Video Editing: Transforming Footage into Evocative Travel Stories
Oliver Astrologo · Film Director & Photographer
A working filmmaker walks through his real cutting room process for one finished travel film, though the promised DaVinci Resolve tutorial stays mostly conceptual.
Oliver Astrologo's class promises a full post-production pipeline for travel footage, and for the first half it delivers something more useful than most editing tutorials: a way of thinking about story before touching a timeline. The back half, where the course is supposed to get technical, is thinner than the title suggests.
The planning process is the real value
The strongest stretch of the course has nothing to do with software.
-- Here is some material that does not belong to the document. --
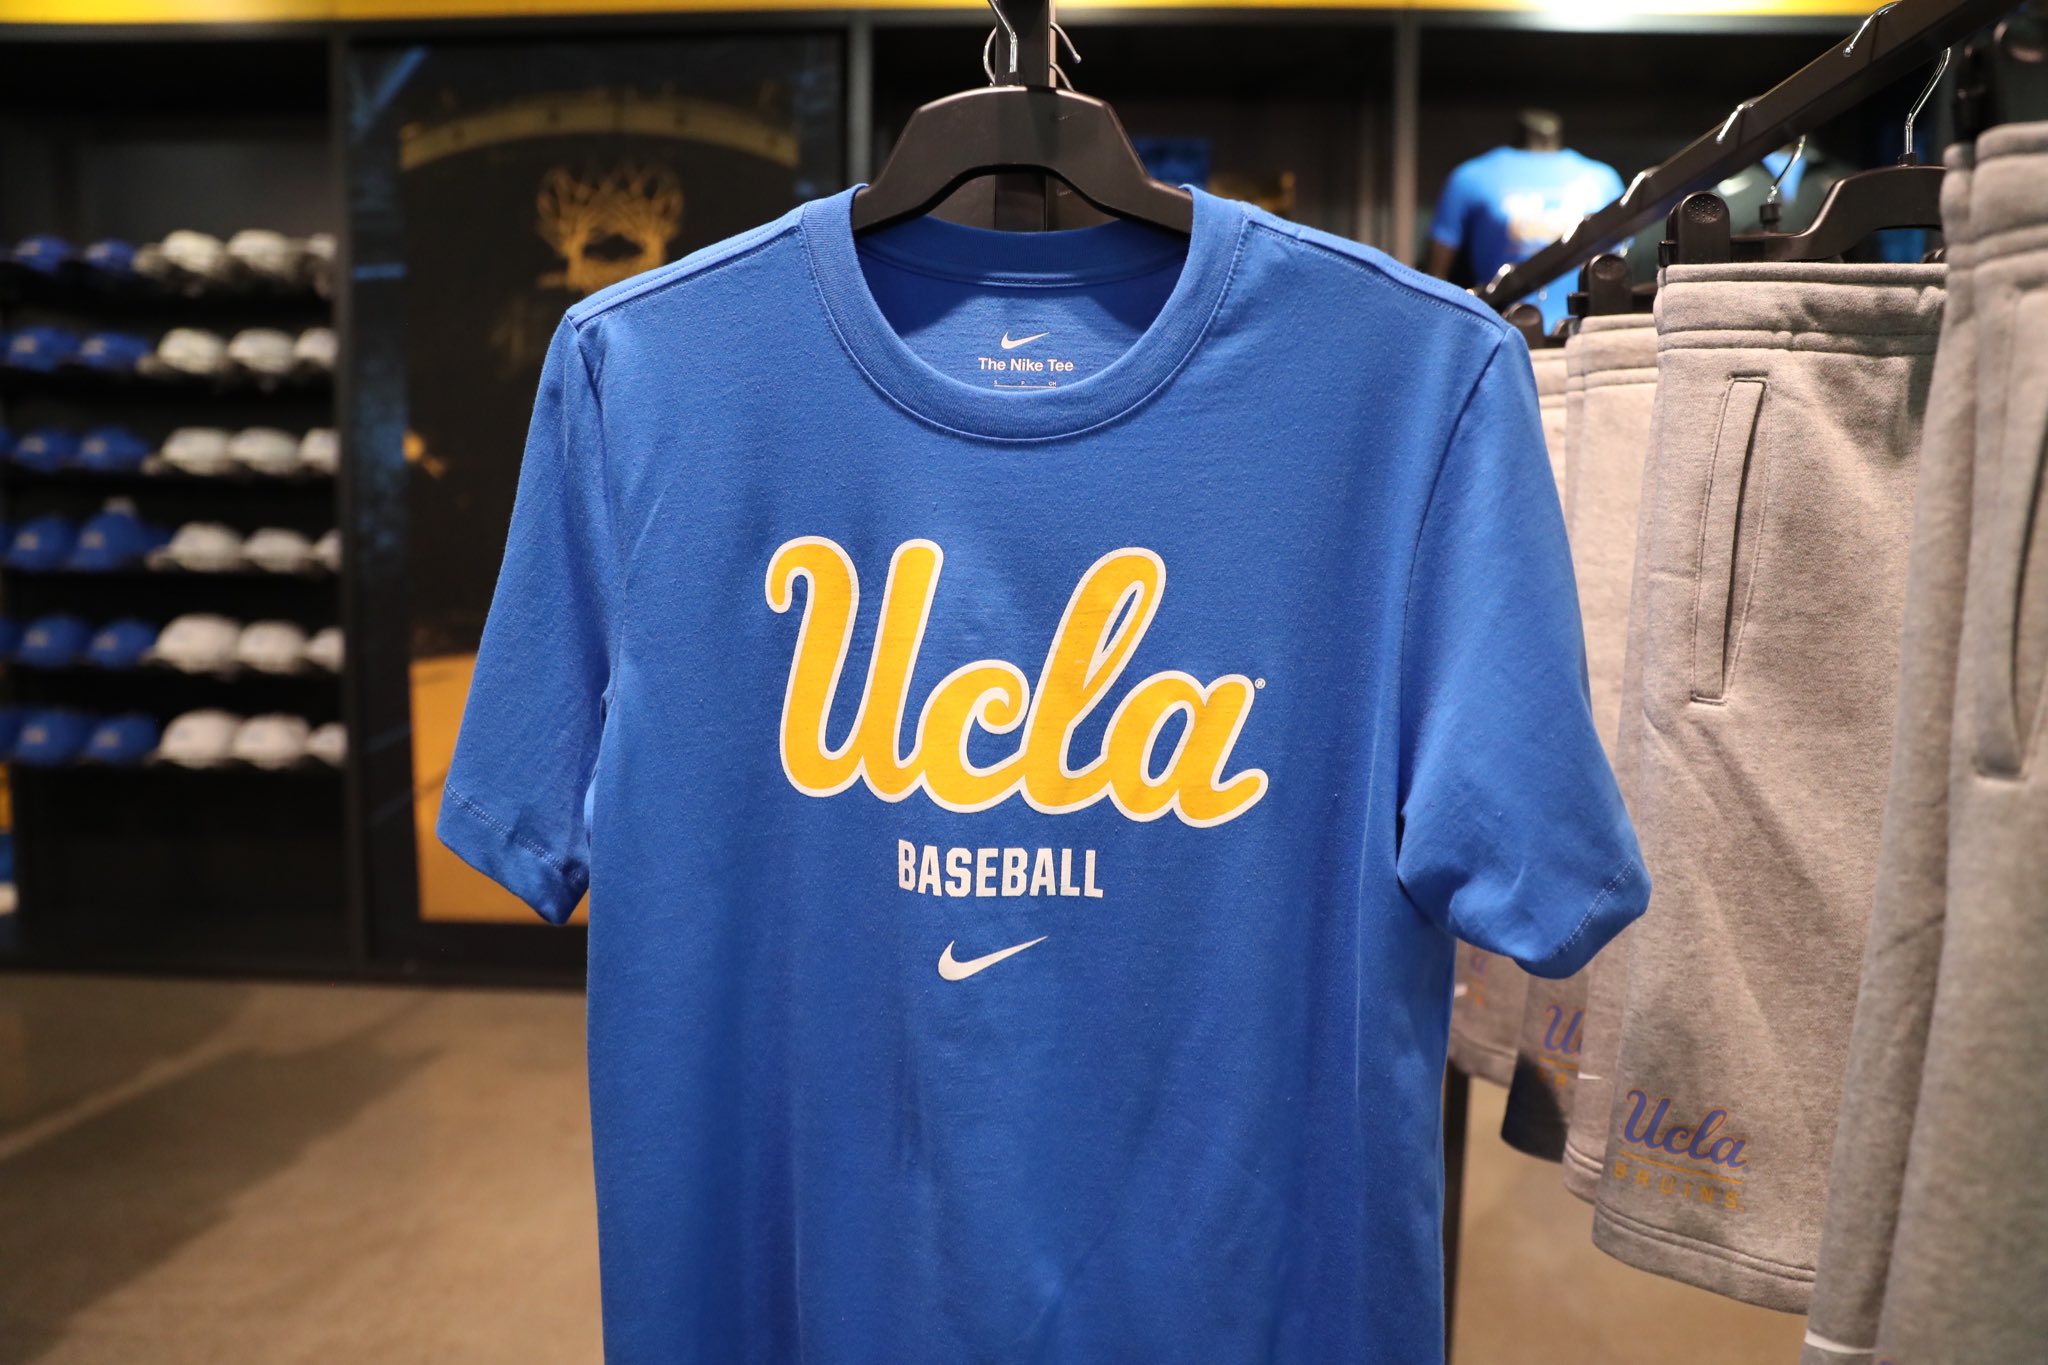 Twitter a new Nike gear is now available on campus at the UCLA Store. #GoBruins https://t.co/oLefIyy4wO" / Twitter

Astrologo describes shooting his Cefalù, Sicily footage around discoverable local stories, a boat craftsman, a wood carver who started at age five, a fisherman, rather than postcard landmarks, and he is explicit about avoiding obvious sights like a city's most photographed monument. That same discipline carries into an analog planning exercise: he prints his shot list, assigns blue cards to locations and orange cards to people stories, and physically arranges them on a table to find connections between scenes before opening an editor. A theater's history with a local film connects to a nearby pottery maker, a fisherman connects to the boat builder whose work supplies him. It is a low-tech but genuinely reusable method for anyone facing a pile of disorganized clips, and it transfers to any editing software, not just DaVinci Resolve.
The music selection lesson is nearly as strong. Rather than "pick something that fits," Astrologo walks through narrowing a search on Musicbed by mood, genre, and specifically by instrumentation tied to place, noting he avoided castanets for a Catalonia video because the instrument belongs to Spain generally but not to that region. He also demonstrates the same footage cut to two different scores to show how music alone flips the emotional read of a scene, a useful demonstration of how much weight sound carries in a cut.
Where the technical depth thins out
The course bills itself around DaVinci Resolve, and it does cover real ground there: tagging clips by shot type, filtering a media pool by those tags, stabilizing footage with the point tracker, dynamic zoom on 4K footage reframed for an HD timeline, and reformatting a 16:9 timeline into square and vertical crops for Instagram. But each of these moves fast, assuming the viewer already knows the software's basic navigation. Someone who has never opened Resolve will follow the concepts but likely need to pause and hunt for menus that go unexplained.
The color grading lesson is the clearest shortfall. Astrologo explains why grading matters, using blue-to-orange tonal shifts in his London video to track a mood arc from tension to warmth, then hands over a free LUT rather than walking through building a grade from scratch. Viewers get a preset, not a skill.
At 63 minutes across fifteen lessons, the pacing suits someone who wants the story logic more than software mastery. Editors already comfortable in their tool of choice will get the most from it. Those hoping for a from-scratch Resolve walkthrough should look elsewhere, or pair this with a dedicated software course.
The standout
The analog storyboarding method, using colored cards to map every location and story into a connected sequence before opening any editing software, is a genuinely transferable planning technique.
What you will learn
- How to structure footage capture around three-shot coverage (wide, medium, close-up) for any subject
- A concrete method for organizing raw clips into tagged bins by shot type and story before opening the timeline
- An analog pre-editing technique using colored sticky notes to map locations and stories into a sequence before touching software
- How to select music by mood, genre, and instrumentation matched to a location's actual culture, not just a track that sounds nice
- Editing rules for maintaining visual continuity: matching camera movement, framing, and screen position across cuts
- How to shoot in-camera transitions and stabilize or reframe footage in DaVinci Resolve, including exporting square and vertical crops for social platforms
Best for: Hobbyist and semi-pro travel shooters who already have footage and an editing tool and want a repeatable story-structuring process rather than software button-pushing.
Skip it if: Complete beginners looking for a step-by-step DaVinci Resolve tutorial, since the software walkthroughs are brief and assume prior editing fluency.